INPUT DATA
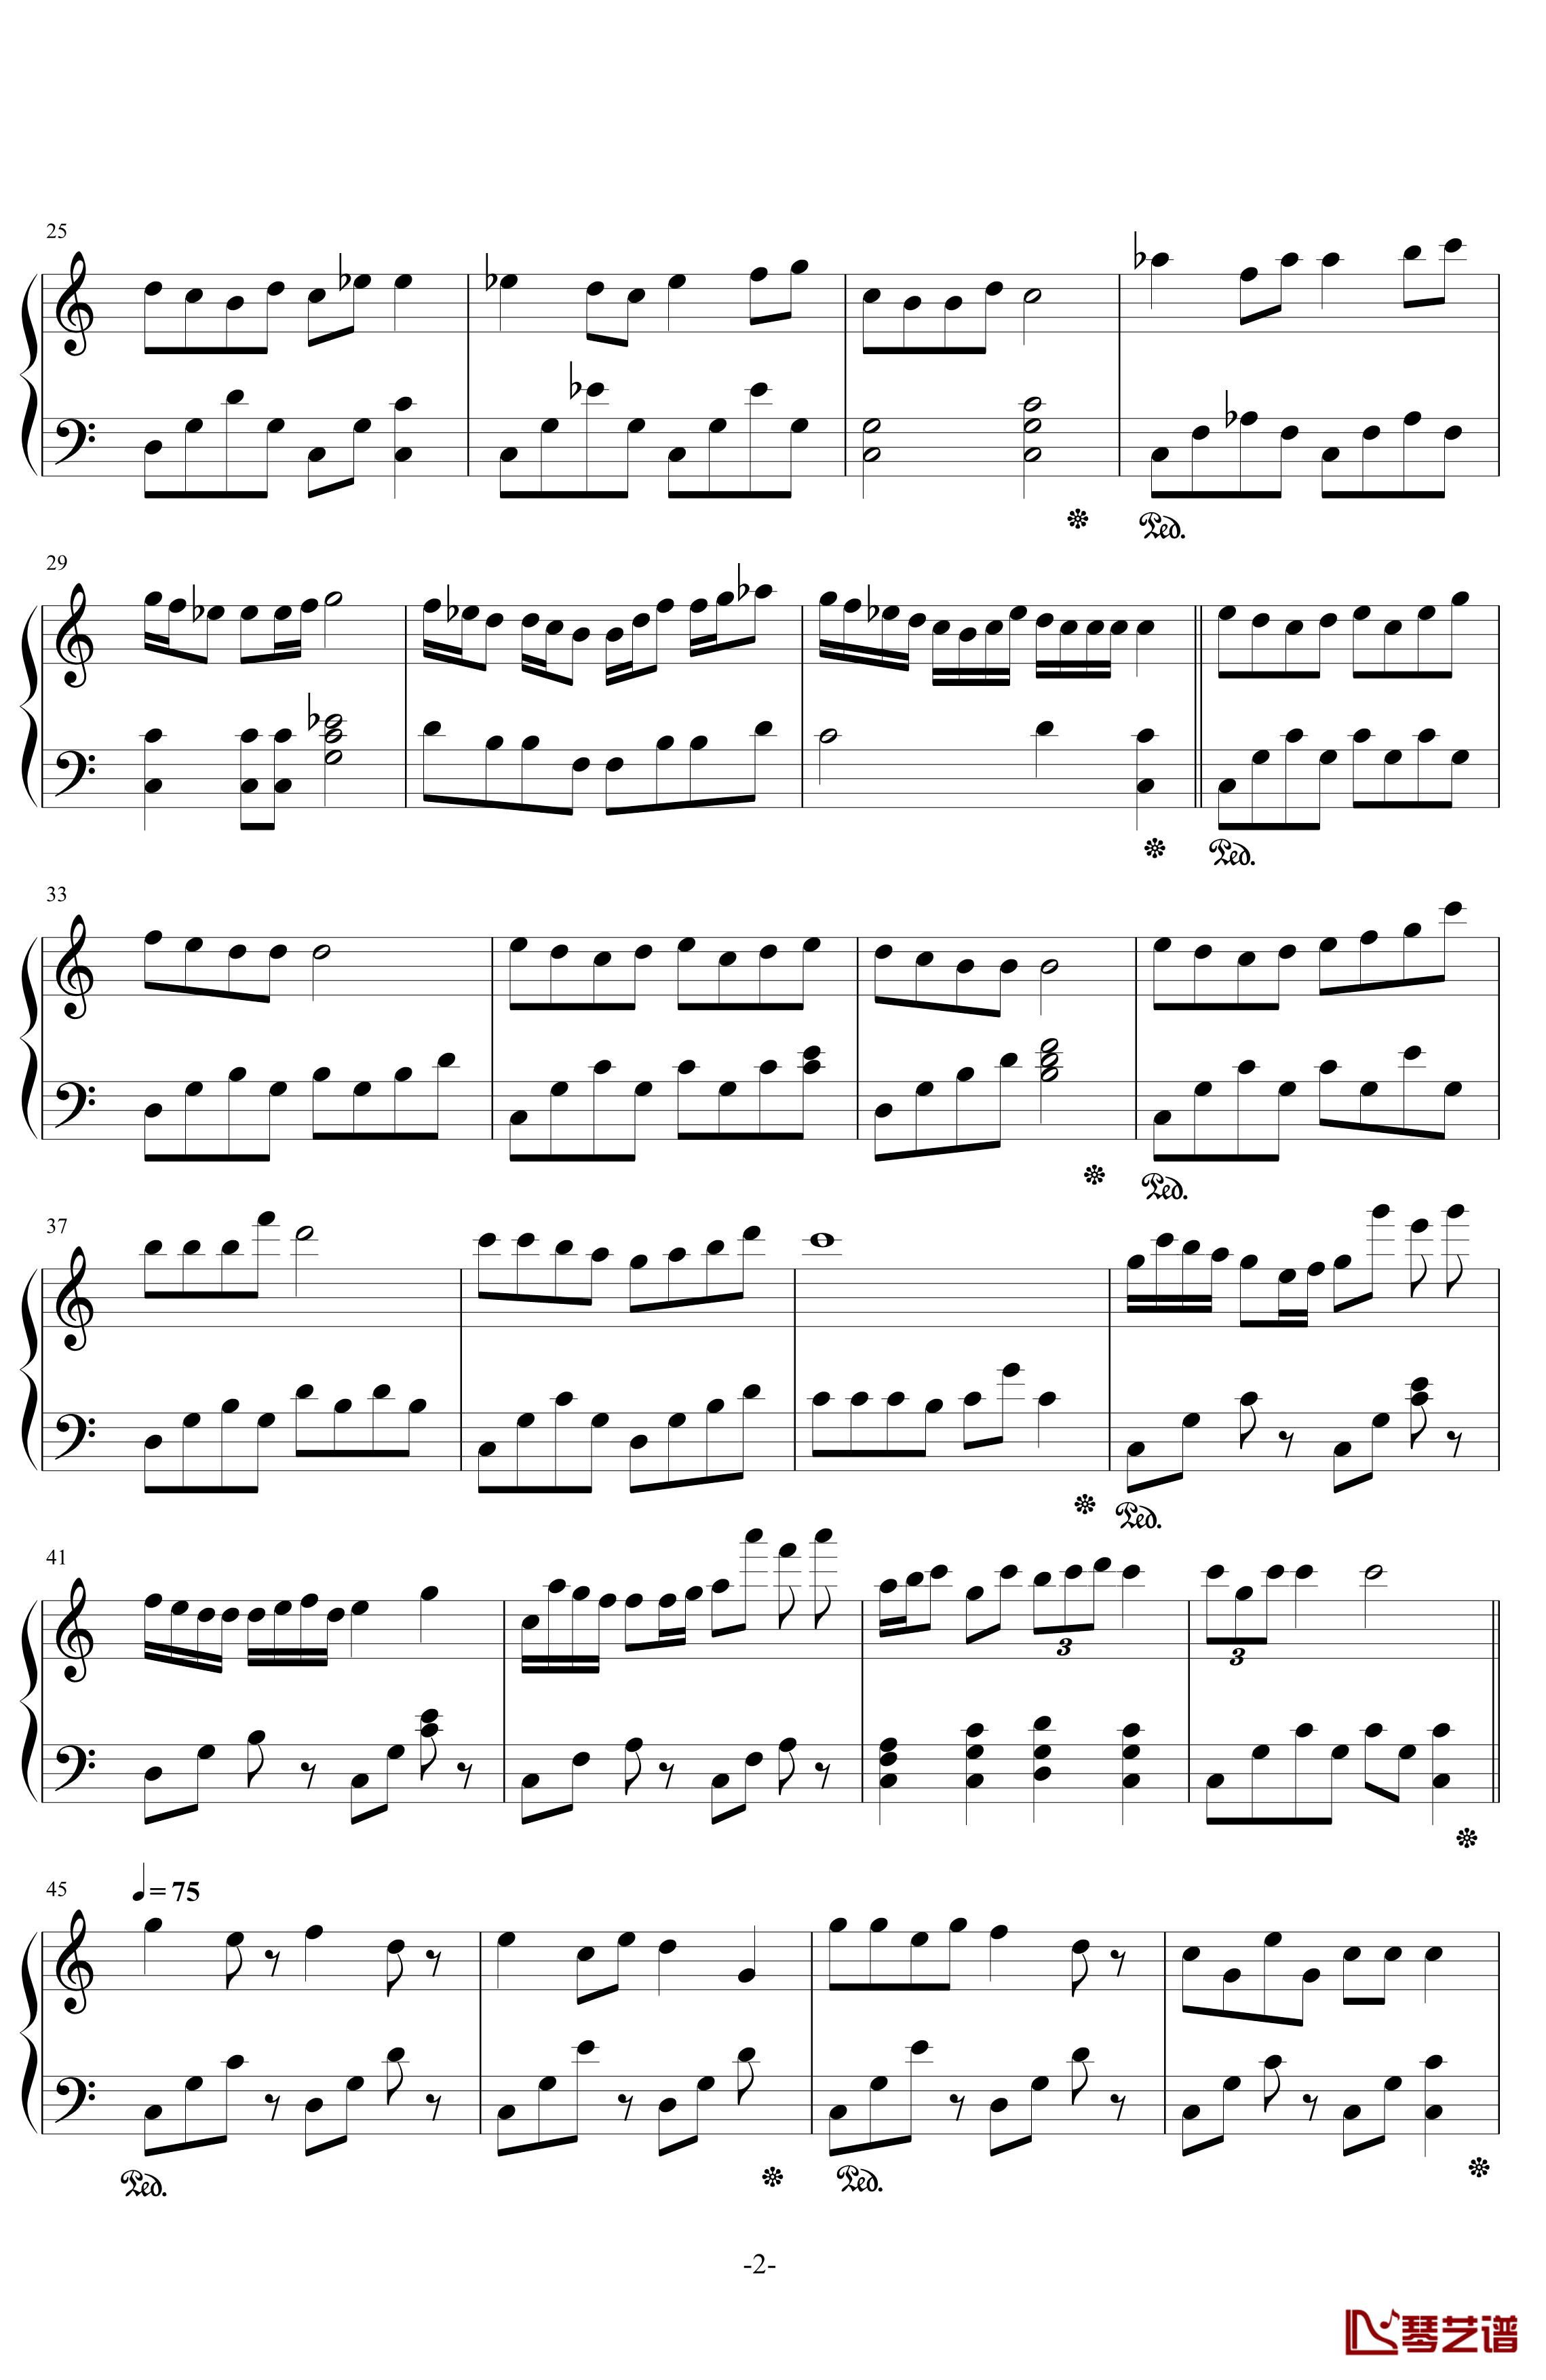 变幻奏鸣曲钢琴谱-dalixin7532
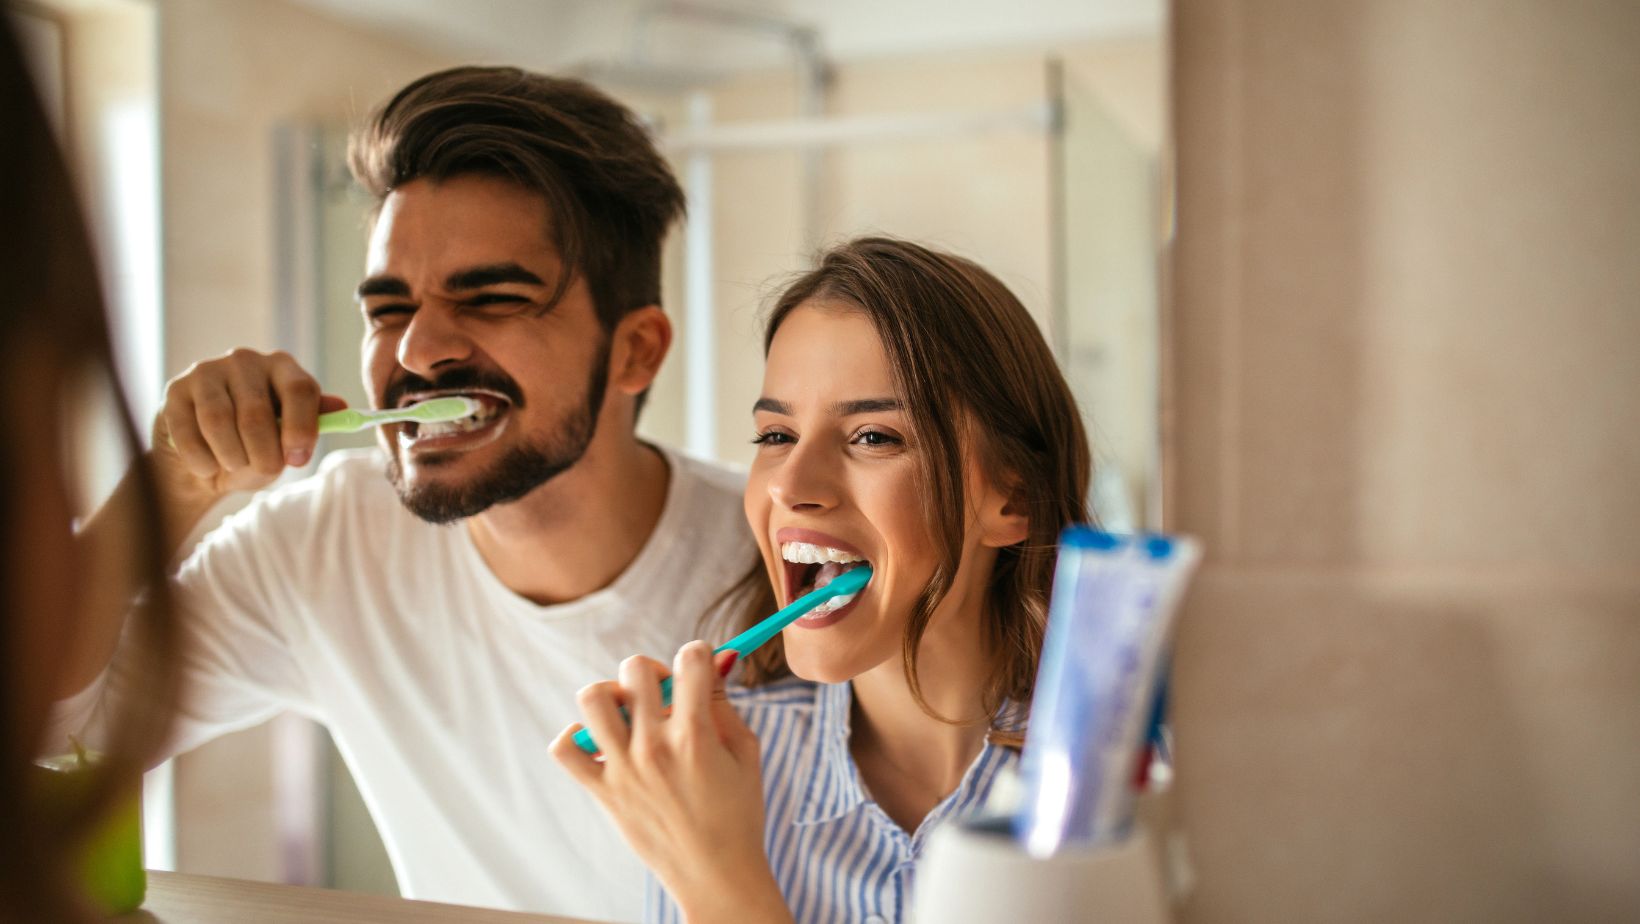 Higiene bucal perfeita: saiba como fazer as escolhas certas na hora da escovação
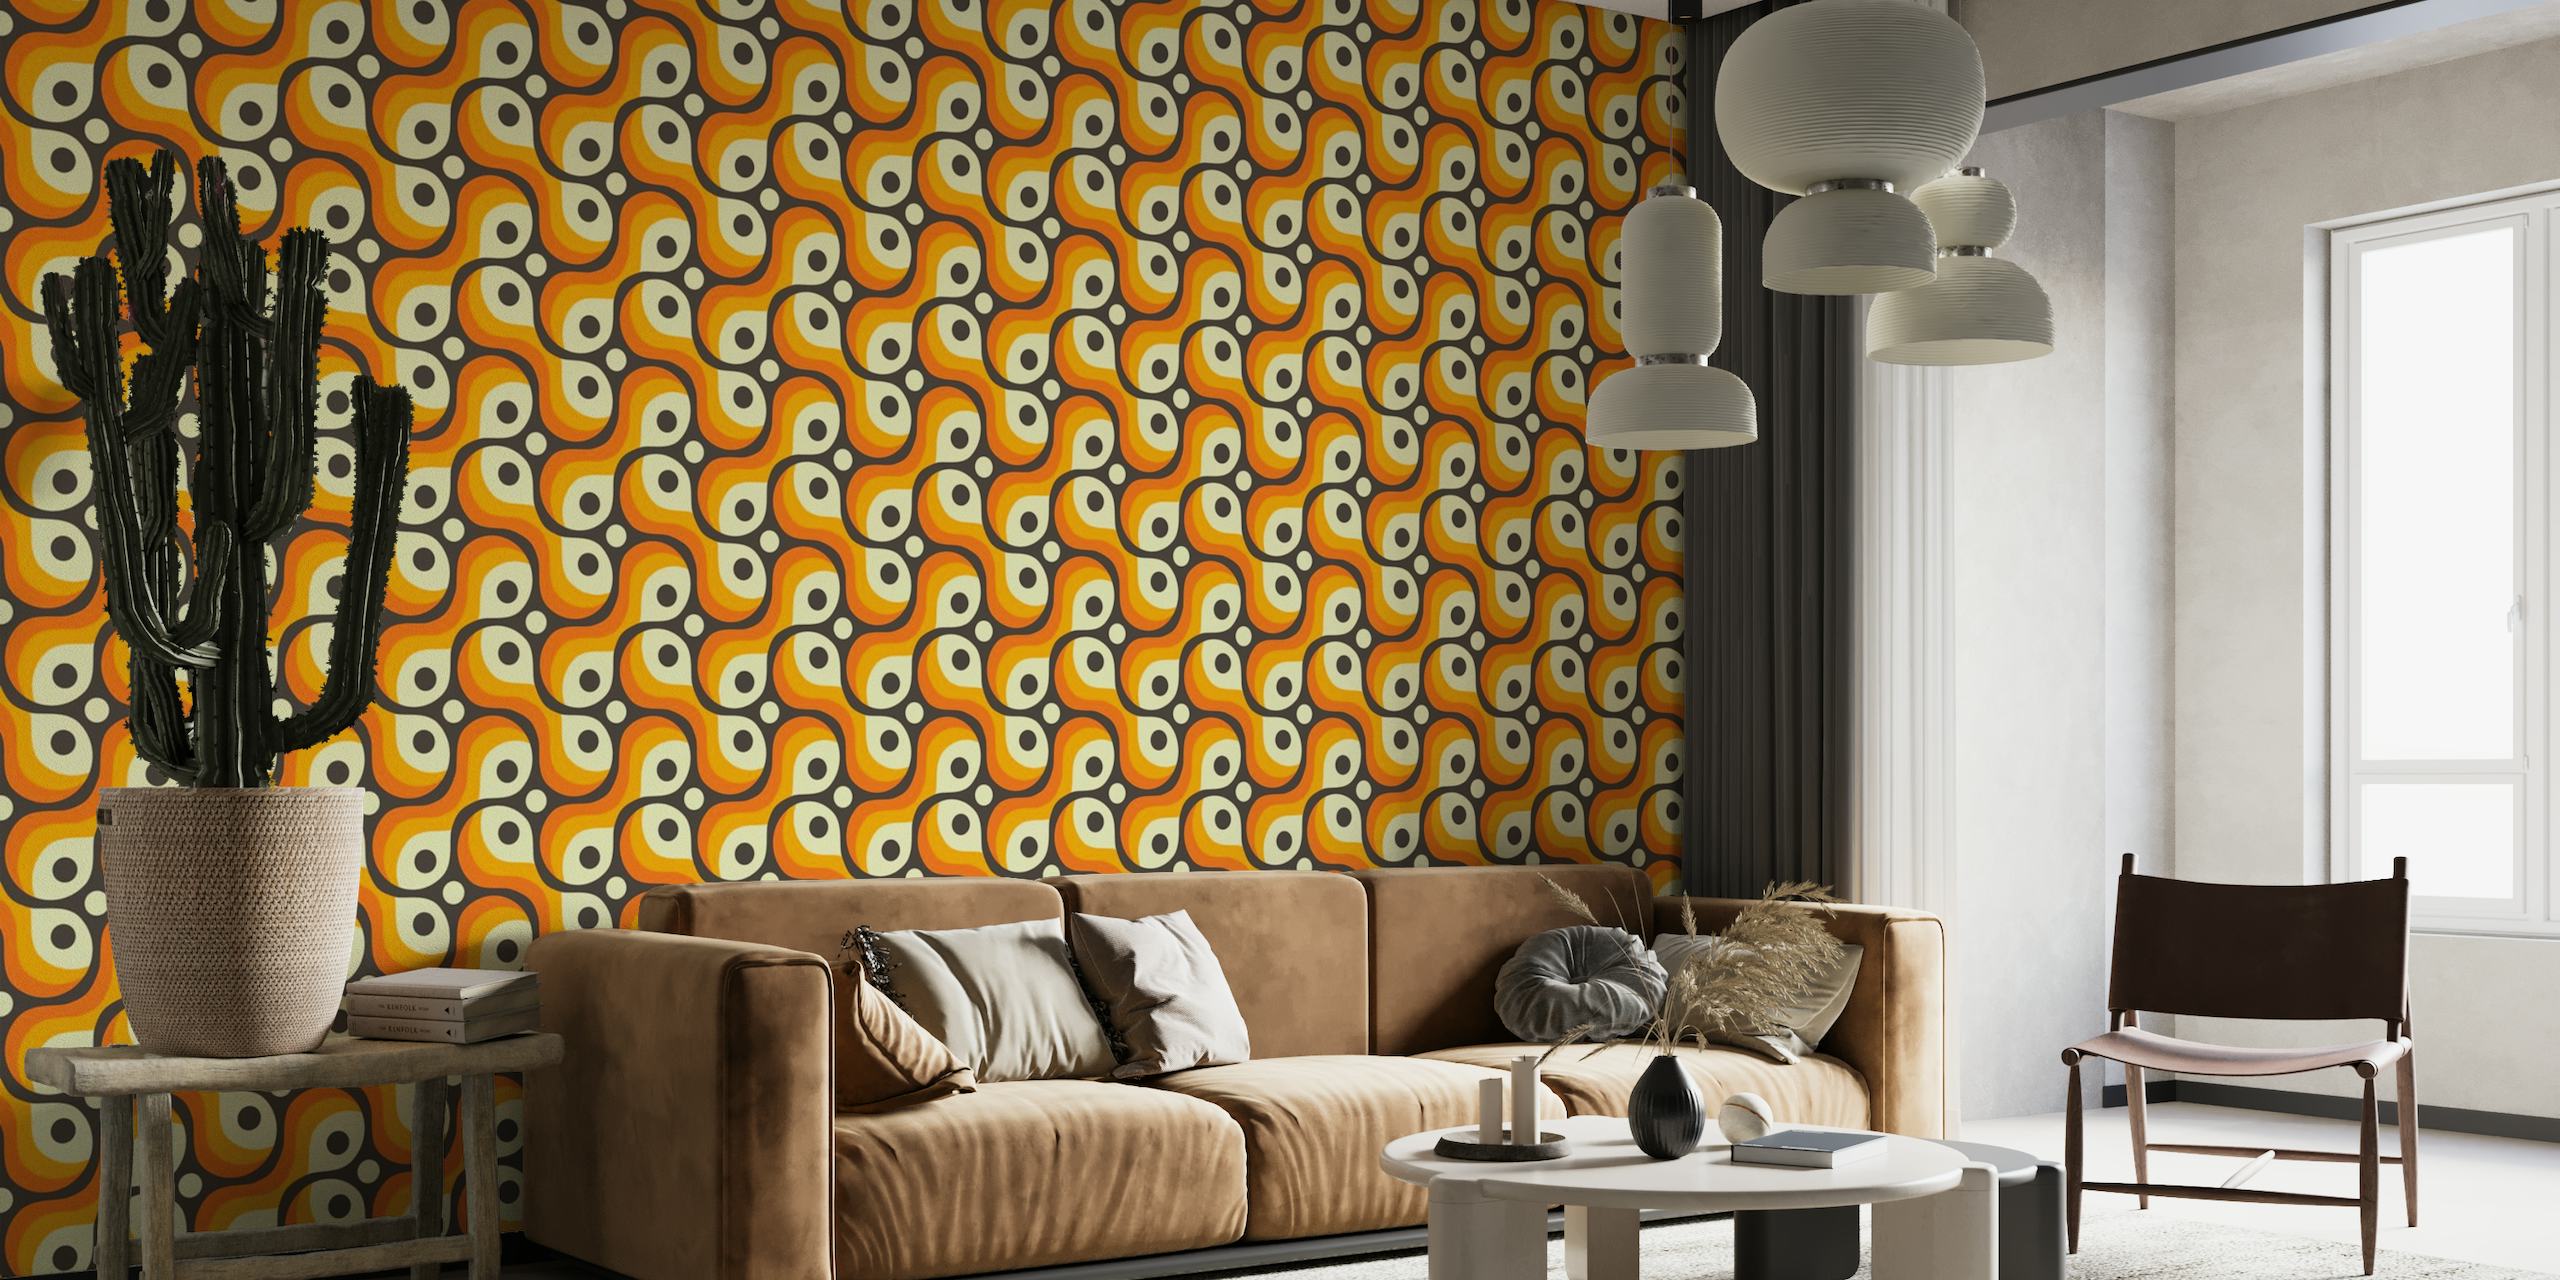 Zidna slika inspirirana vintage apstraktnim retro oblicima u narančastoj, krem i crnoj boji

WHAT YOU ARE ASKED TO DO
Reproduce every line above exactly as written, omitting the images.

RESULT BELOW
 变幻奏鸣曲钢琴谱-dalixin7532
 Higiene bucal perfeita: saiba como fazer as escolhas certas na hora da escovação
 Zidna slika inspirirana vintage apstraktnim retro oblicima u narančastoj, krem i crnoj boji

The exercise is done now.